Methods We present the case of a 79 years old female with a bulky 20 x 19 x 25 cm anterior solid mediastinal mass with left pleural effusion (figure 1). Diagnostic suspicion was hematologic malignancy versus thymoma but percutaneous CT-guided biopsy wasn’t conclusive. FDG PET-CT (figure 2) showed high glycolytic metabolism of the mass. Surgical biopsy was necessary to obtain adequate sample of the tumor.

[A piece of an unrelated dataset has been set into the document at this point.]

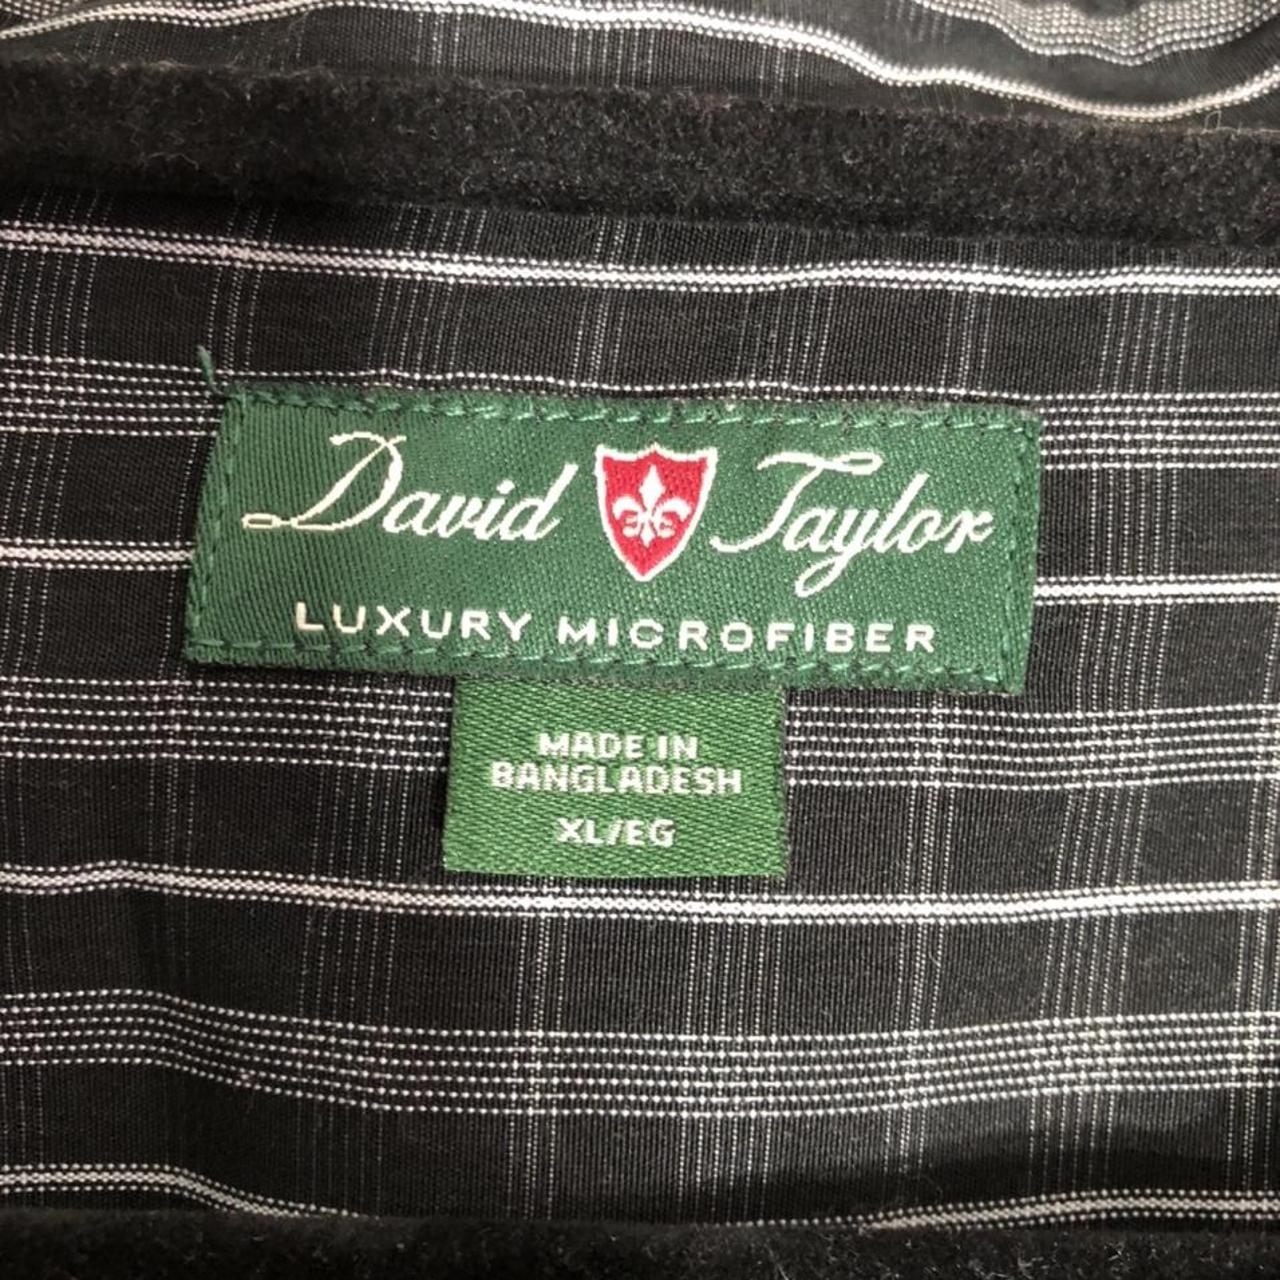 Vintage David Taylor Luxury Microfiber Mens Shirt ... - Depop

Results The plan was to avoid general anesthesia because of the mass related risks. Intravenous Midazolam 2 mg and Fentanest 50 mcg were used for sedation in right lateral decubitus. Under ultrasound guidance with linear high-frequency probe left T4-T5 and T6-T7 paravertebral block (figure 3) was performed with ropivacaine 7,5% 150 mg, followed by left parasternal block with ropivacaine 0,5% 10 ml between 2nd and 4th intercostal spaces in supine position. Anterior left mediastinotomy in spontaneous ventilation was performed with excellent anesthetic coverage and subsequent analgesia. Histology showed combination of T-Lymphoblastic Leukemia and thymoma.
Conclusions Anesthesia for mediastinal masses must be carefully planned because of potential severe complications. The risks are high when in supine position, under general anesthesia and mass-related symptoms prior to the procedure. Paravertebral block (PVB) and parasternal block (PSI) can produce efficient anesthesia for open biopsies and adeguate analgesia. These blocks are safe and easy to reproduce, providing valid alternatives to general anesthesia.